If you've collected long enough, I'm sure you've had the HOW DO I NOT ALREADY HAVE THIS CARD?! feeling many times over.
Happens to me regularly. Fernando Valenzuela is one of my top player collections, but somehow that regular ol' '86 Topps Record Breaker card slipped by me this whole time. Into the Card Barrel cart it went, discreetly mixed in with a few other scattered needs, without anyone being the wiser.
Well...until now, anyways.
A weird paradox of card collecting: overproduction-era stuff is so common that I almost never see it at card shows.
Granted, I can't imagine people would flock to a table filled with 1990 Donruss, but I honestly wouldn't mind digging through an entire dime box of 1993 Upper Deck or something -- because apparently I still need a few cards from a set I thought I'd already seen ten times over.
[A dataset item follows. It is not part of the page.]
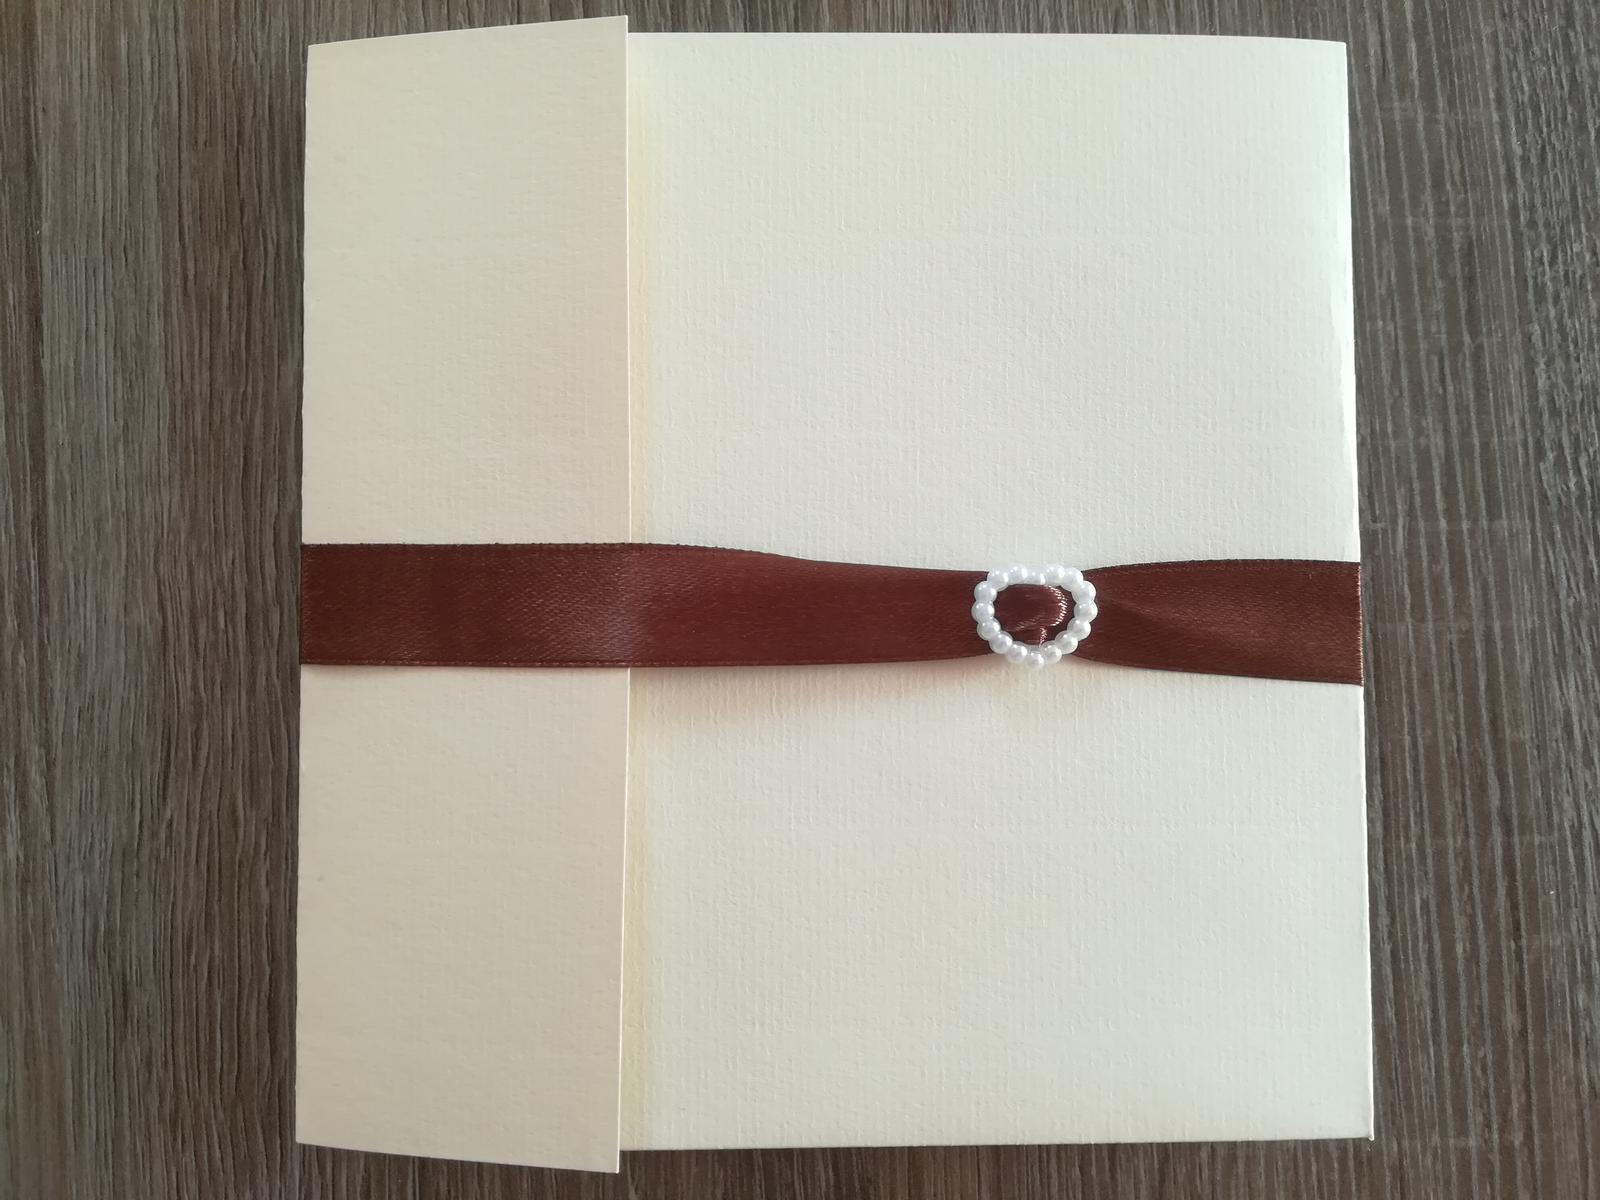 Biele perlové pracky - Obrázok č. 2

Here's a page from my Second Dime Box Frankenset -- Page 69, #s 613-621, to be exact.
But why am I showing this now, you ask?
Because up until this order arrived, it featured the lone open slot in my frankenset -- that dastardly #618.
But thanks to the simple trick of plugging the number "618" into a card database, and seeing if any frankenset-worthy cards showed up, the internet helped me accomplish something I've been wanting to say for a long time now: the Second Dime Box Frankenset is now complete!
Makes sense that this fun in-motion card from '93 Upper Deck would finish things off -- '93 UD is a photographic masterpiece, and probably the single largest contributor to my frankenset. I'll still upgrade/change cards as I see fit, of course, but I can sleep a little easier knowing all 666 frankenset slots are finally filled (although now I'm fighting the temptation to start a third frankenset). And okay, I might as well just say this, no matter how begrudgingly -- I have the Internet to thank for it.
I miss card shows as much as any collector would, but if nothing else, the pandemic months have shown be that online card shopping can be just as fun.